There were no reported interventions for sensory sensitivities in the reviewed studies though many students with ASD have indicated this is a concern (Anderson et al. 2018; Knott and Taylor 2014) and it has been recognized in the Diagnostic and Statistical Manual of Mental Disorders, 5th ed. (DSM-5; APA 2013). Sarrett (2018) also found that sensory friendly spaces and practices were the second most desired accommodation that the participants would have liked to have received in higher education and that lack of support for sensory sensitivities diminished the effectiveness of other supports. Thus, there is a need for research on this issue, ideally in consultation with students with ASD. Given Baldwin et al. (2014) found that 46% of adults with high functioning autism and Asperger’s were overeducated for their job classifications, research on employment outcomes following graduation may also be warranted.

Limitations of the Review

The scope of this review was limited to the examination of empirical evidence. Nevertheless, qualitative findings may have been helpful to better understand the variable responses, such as reasons why some participants rated an intervention as helpful when there was no objective evidence of behavioral change. In addition, the review was limited to high functioning students with ASD. Nearly a third of students with ASD have a comorbid intellectual disability, and this review adds no insights into their experiences in post-school education. Further, studies were accepted where some participants did not have a formal ASD diagnosis, though a self-diagnosis may not be reliable.

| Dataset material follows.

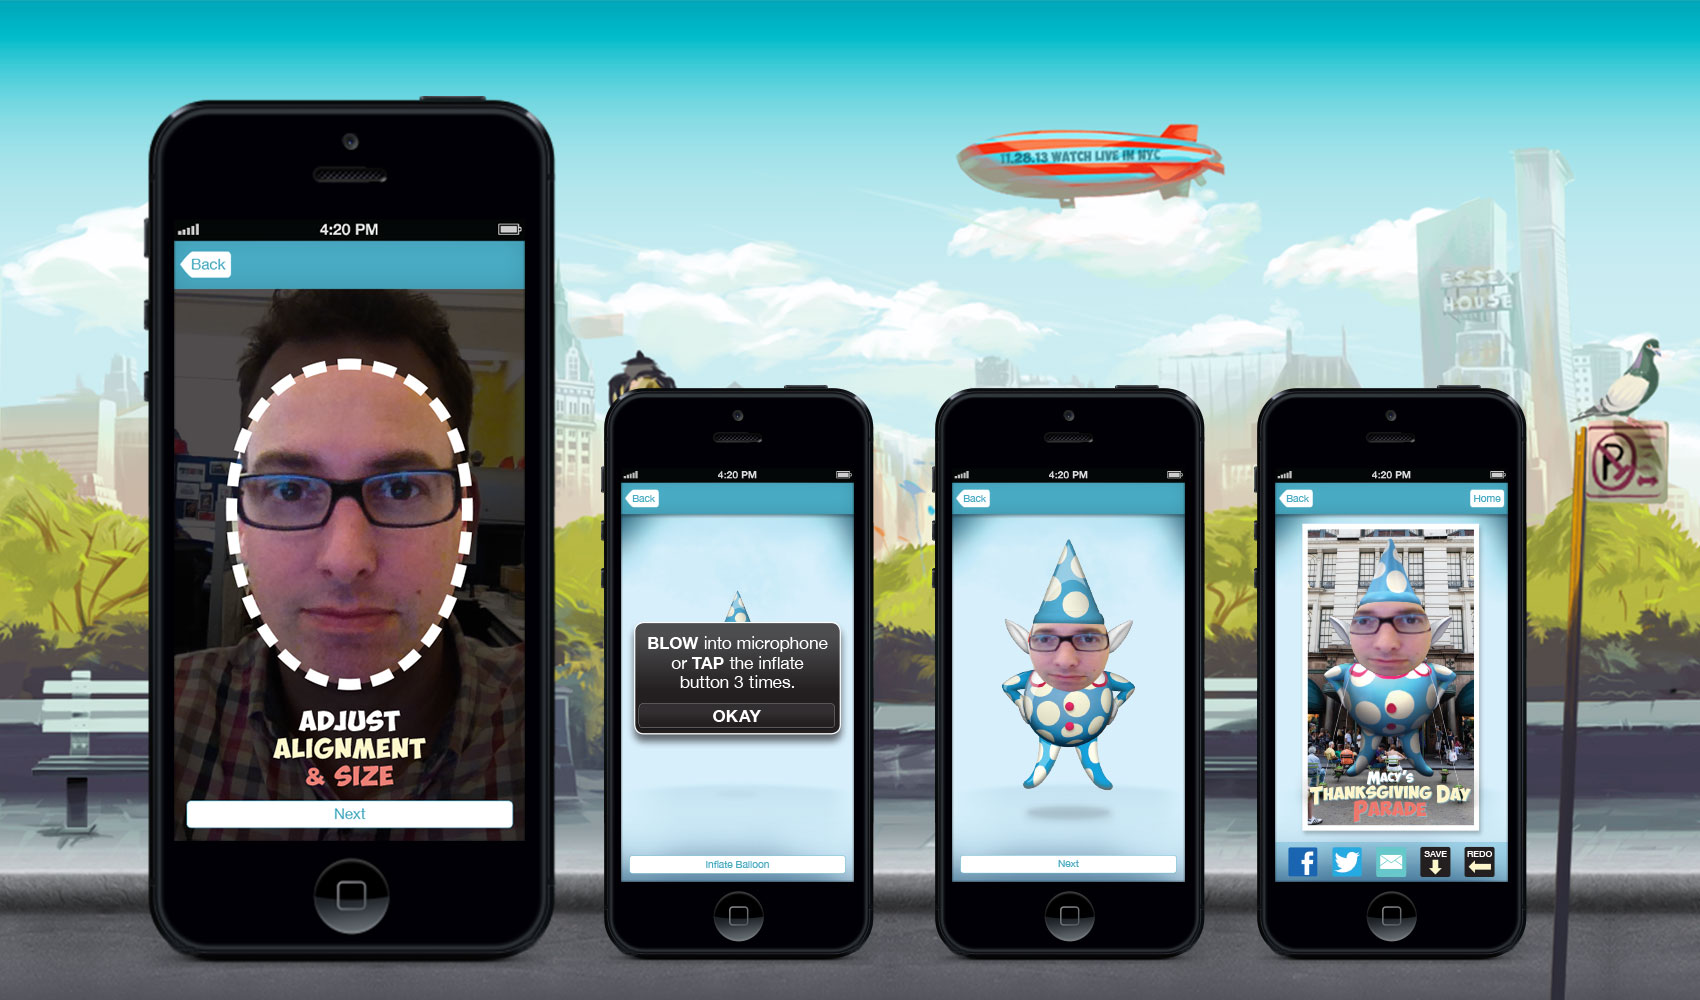 Vanguard - Mobile Application Development for Macy's

There were 13 studies (12 from the US and 1 from the UK) that provided details of race/ethnicity and only one that provided details of socio-economic information. These studies revealed an apparent overrepresentation of Caucasian participants (87%) which may limit the generality of the findings and indicate a need to determine why non-Caucasians are not selected as participants. Finally, although the inclusion criteria for our review allowed for unpublished studies, our search found only peer reviewed journal articles and dissertations, so there may have been a publication bias (Schlosser et al. 2007).

Summary and Conclusion

There were 24 studies reviewed which substantially extended the only prior review, but there were insufficient experimental studies for any intervention to be classified as evidence based. Many studies, however, (including the 17 pre-experimental studies that were uninterpretable with respect to causation), demonstrated feasibility and social validity for a range of interventions, including mentoring, transition programs, CBT, academic skills, and social skill development, suggesting they may have promise and warrant further investigation. Participant responses to the interventions were very diverse but few participant characteristics were provided, limiting the analysis of the variable outcomes. Thus, larger experimental studies with better description of participant characteristics are needed to improve the interpretation of intervention results and to increase the external validity of the findings. A lack of research on academic supports was also identified, despite prior research indicating that academic supports are often a preferred service of students with ASD. More research may be needed to quantify the contribution of academic challenges towards the low completion rates of post-secondary students with ASD, and to clarify the importance of academic supports. Researchers may also need to consider the wants, as well as the needs, of students with ASD when choosing and designing intervention research projects.